I took a short nap to recover myself. It was much easier to walk behind the Veil with people who were not being physically abused, and drugged. It wasn’t taking me days of sleep to recover myself, like it has before, just hours.

I still wanted to travel to Miriam Laugherty and see if she could communicate with me. Another first. My main concern was that I would walk behind the Veil to find Miriam, and she would be out of her body doing police work. What would that do?

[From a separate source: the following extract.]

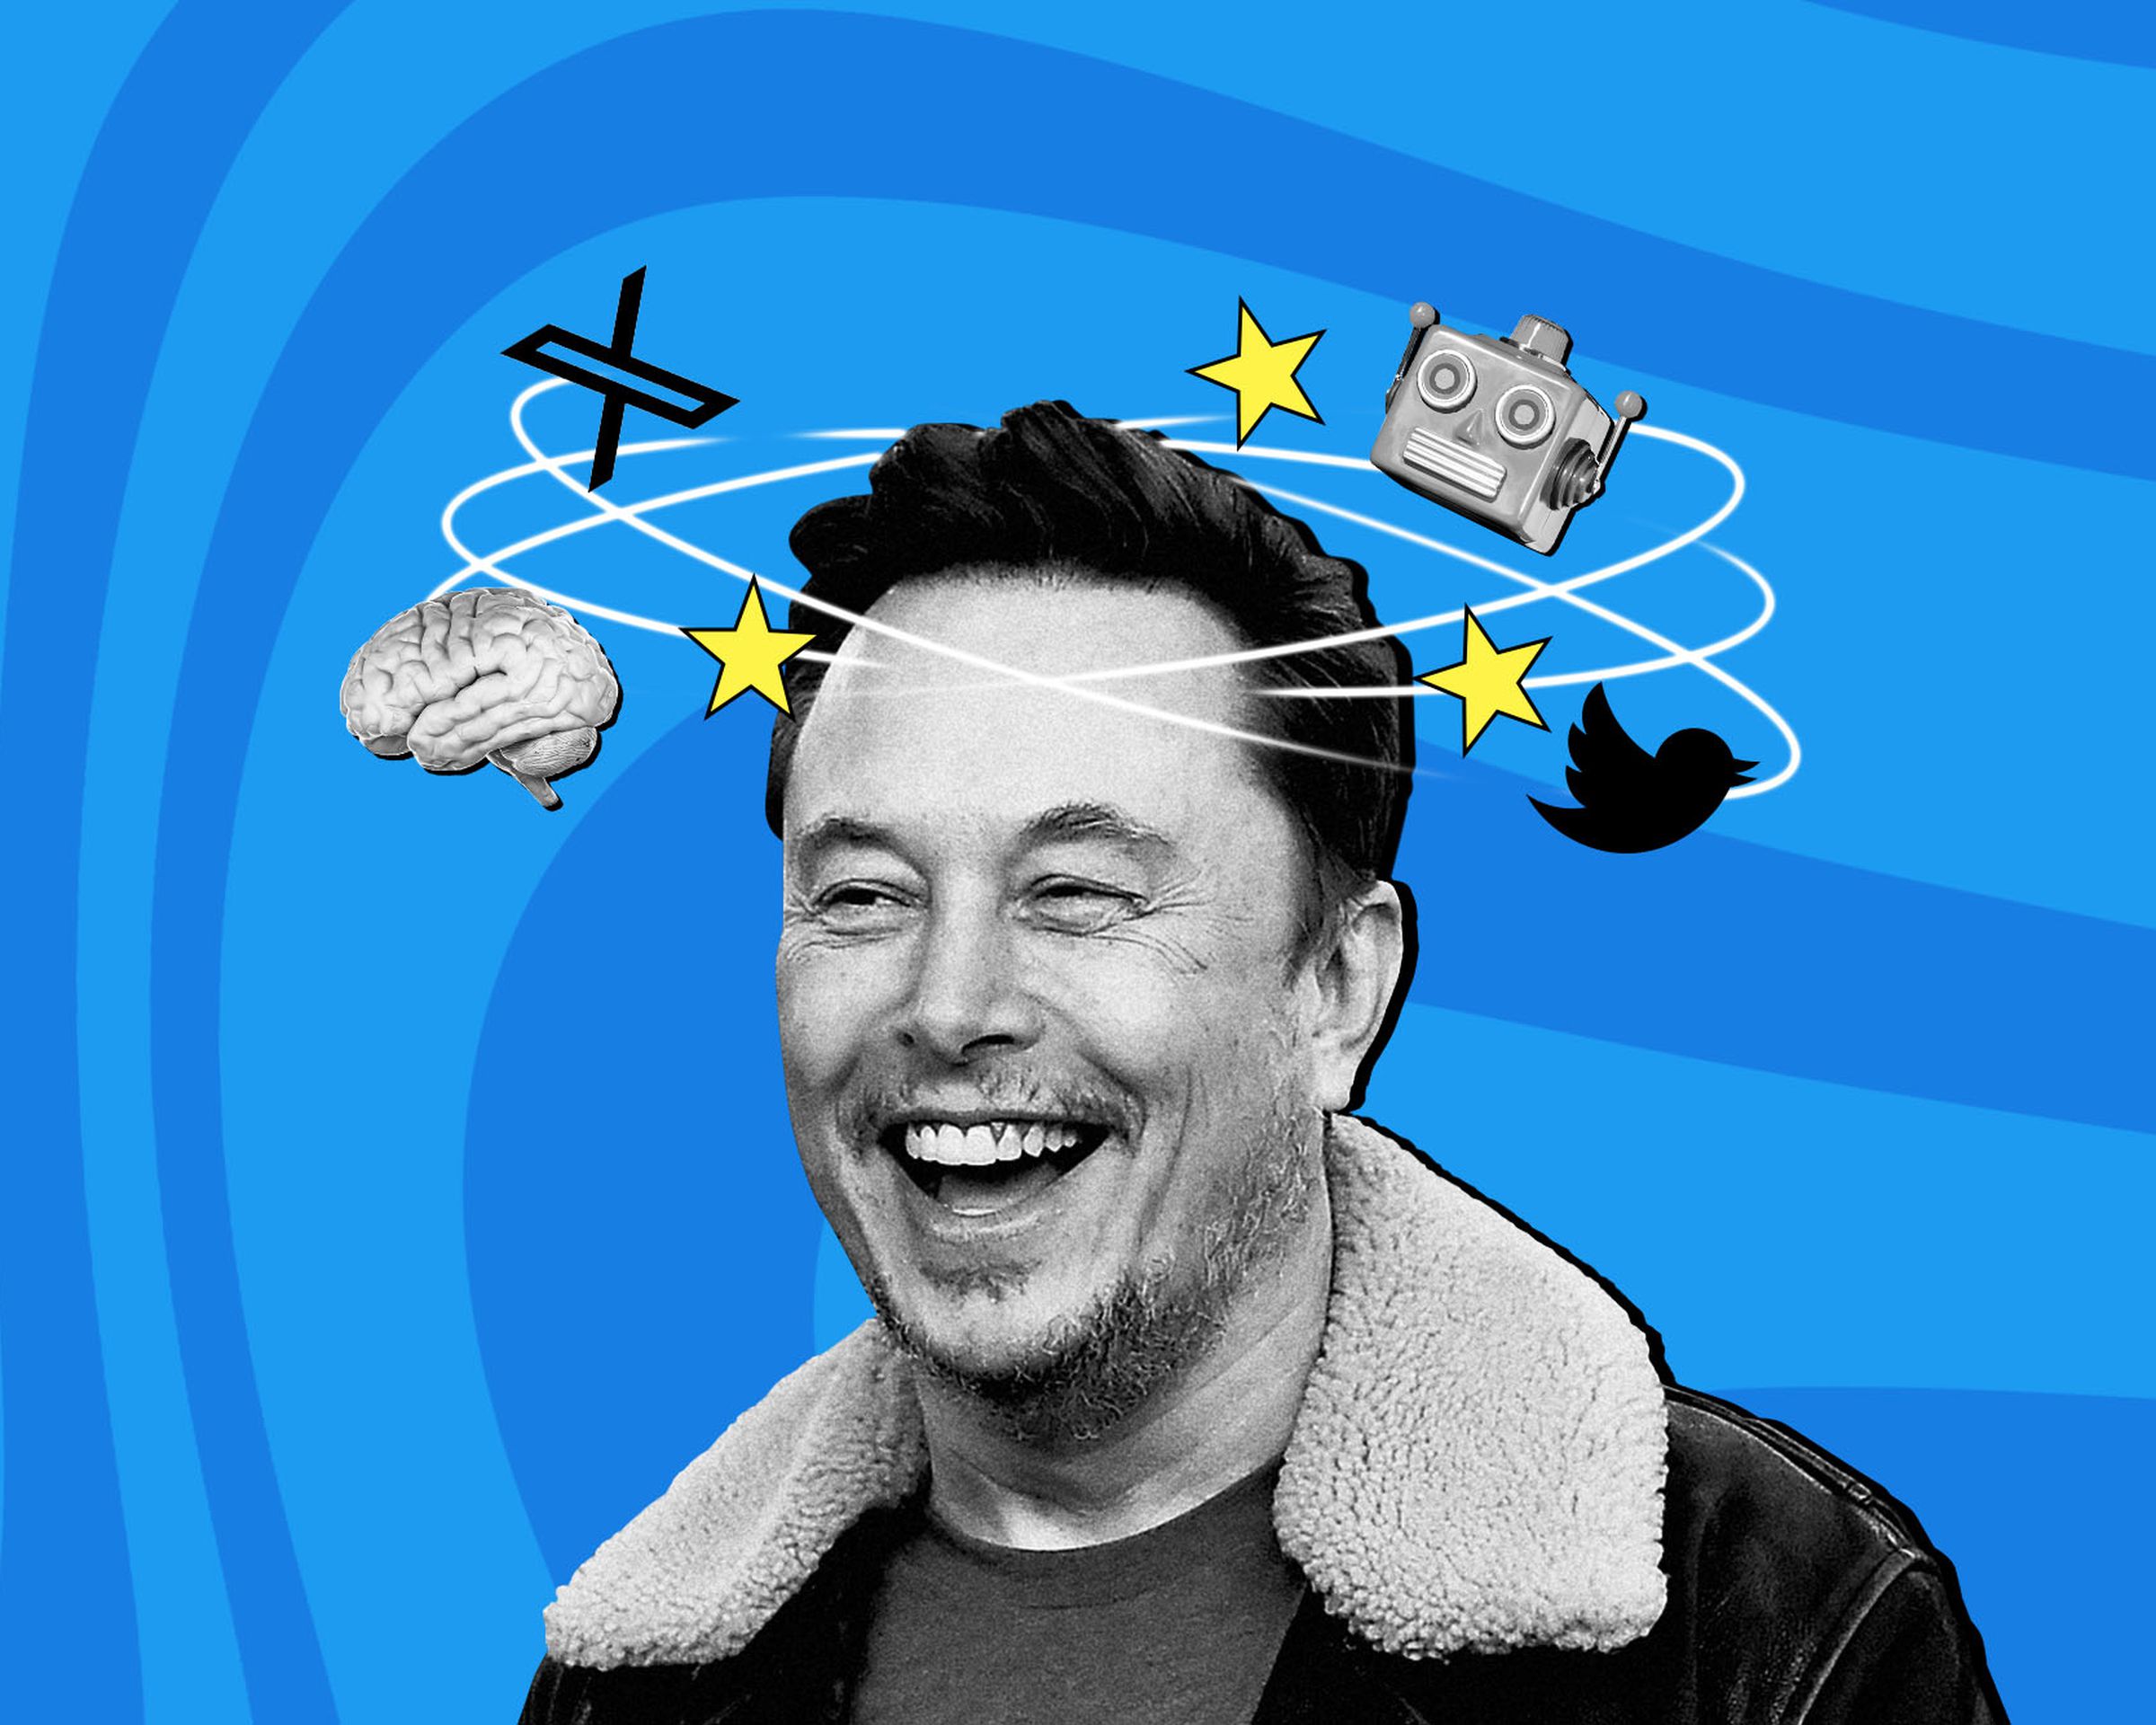 Photo illustration of Elon Musk with stars flying around his head in a cartoon-like fashion, as if he is dizzy.

Turns out it didn’t matter. I was wholly unsuccessful. I found Miriam, but she had a strong field of protection around her - no one was getting in. But of course she’d done that. It was the first lesson I learned from Miriam - always protect yourself from other people’s energies.

I laid perfectly still — downcast and exhausted from trying to work with Miriam. I thought I’d landed on such an easy solution, too. I let my fingers trace the shadows that the prison bars cast across my stomach.

“Hi Miriam, it’s me, Lexi. Hey, I need a big favor. Could you tell Striker Rheas, over at Iniquus, that I’m being held captive in a Honduran prison, and I need a little help please?” Yeah, right.

I watched a spider building her web in the corner…
Spyder? What would you do if you were me? Are you alive? Do you know why I’m here?

 

Thirty-Six

 

G
athering love and light for my new exercise guard was a complete and total waste of my time. The new guy was drunk; the mean kind of drunk that liked to show off power. Today, he caught me by the arm and slammed me into the wall because I wasn’t moving fast enough for him. I guessed in this man’s life, the only dominion he had was over us prisoners, so he made the most of it – screaming cuss words at me and spitting on me, as if I weren’t disgusting enough already.